I have a code in OllyDBG:
MOV DWORD PTR GS:[396FF4],EBX
But OllyDBG shows:
EBX=00000B07
GS:[00396FF4]=???
So how is calculated final address to which EBX will be written? I have free memory at address $004B0000. What I should put to code instead of $396FF4 to make EBX is written e.g. to address $004B0000.
Sorry for all the confusion. The real answer seems to be as follows:
On Windows (and other modern OS), the segmentation model is no longer used the same way as in old real-mode and protected-mode applications. Instead, the memory model is mostly "flat" (not segmented), with paging for easier management and protection. In fact, the x86-64 in 64-bit mode no longer even allows using segments any of the old ways.

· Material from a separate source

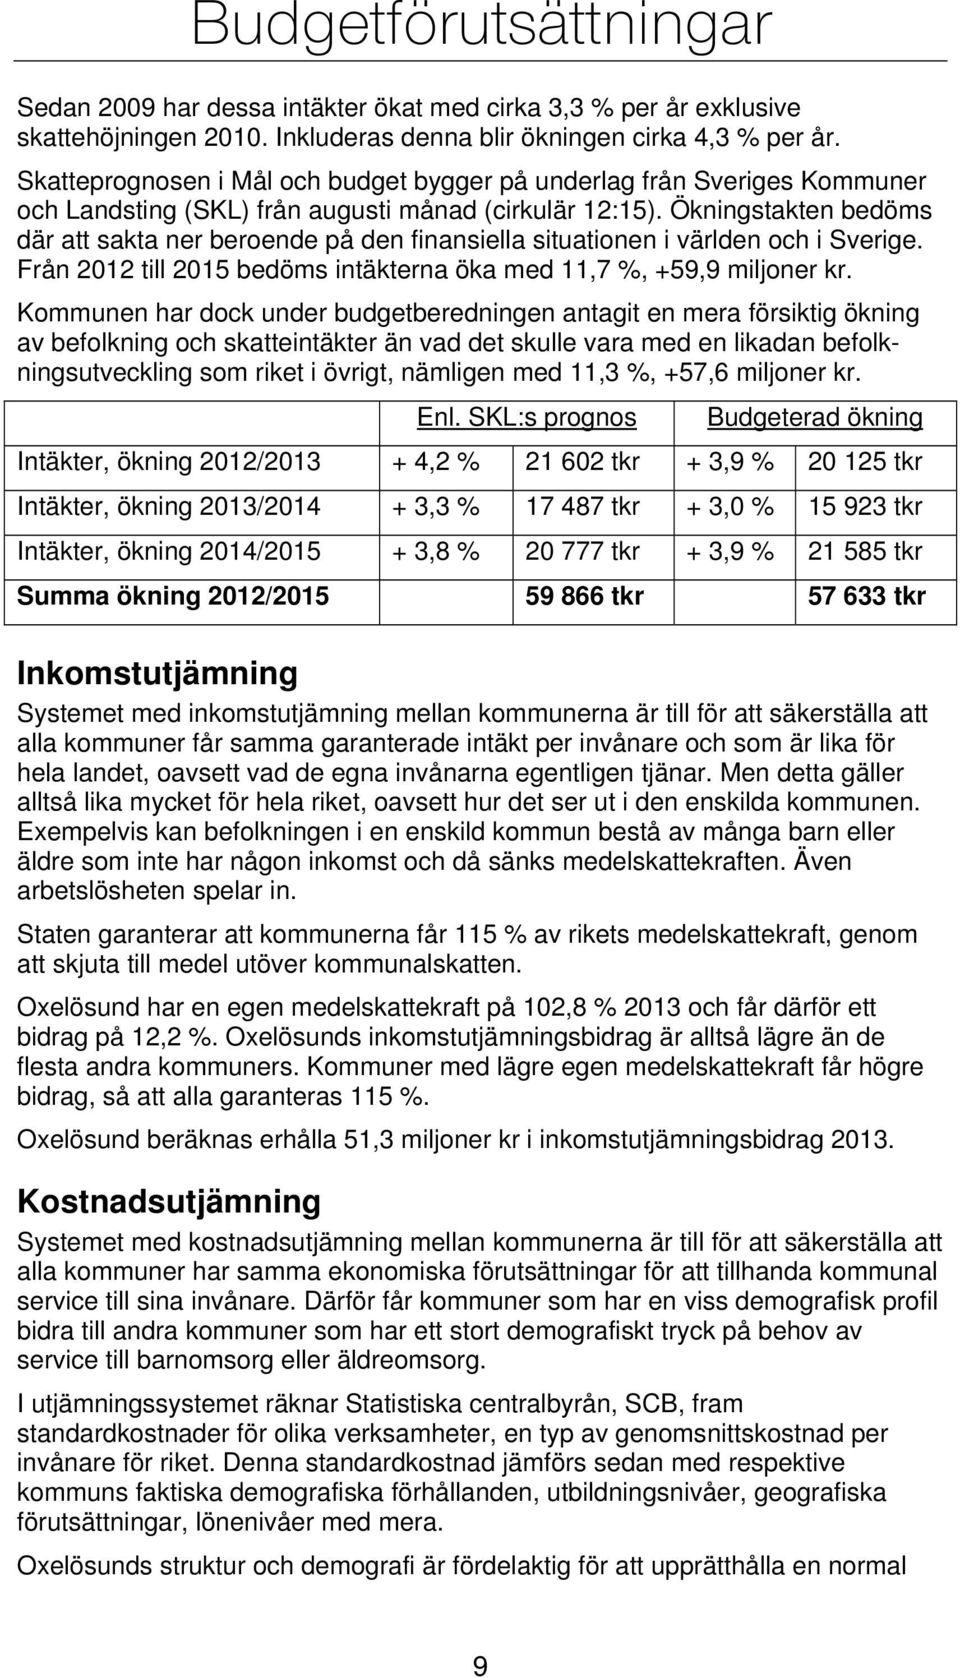 Ökningstakten bedöms där att sakta ner beroende på den finansiella situationen i världen och i Sverige. Från 2012 till 2015 bedöms intäkterna öka med 11,7 %, +59,9 miljoner kr.

The exception being FS and GS segments, which are intended for internal use by the OS. On Windows, the GS segment refers to the thread-local storage. As far as I'm aware, you can't break out of the segment - it's (hardware-) protected memory.
So your only way is to either change the segment (to one of those no longer used, like DS - it doesn't matter anymore which you choose, they all start at zero and cover the whole virtual memory you can ever use).
MOV DWORD PTR DS:[4B0000], EBX should work fine, as well as removing the segment register entirely (MOV DWORD PTR [4B0000], EBX).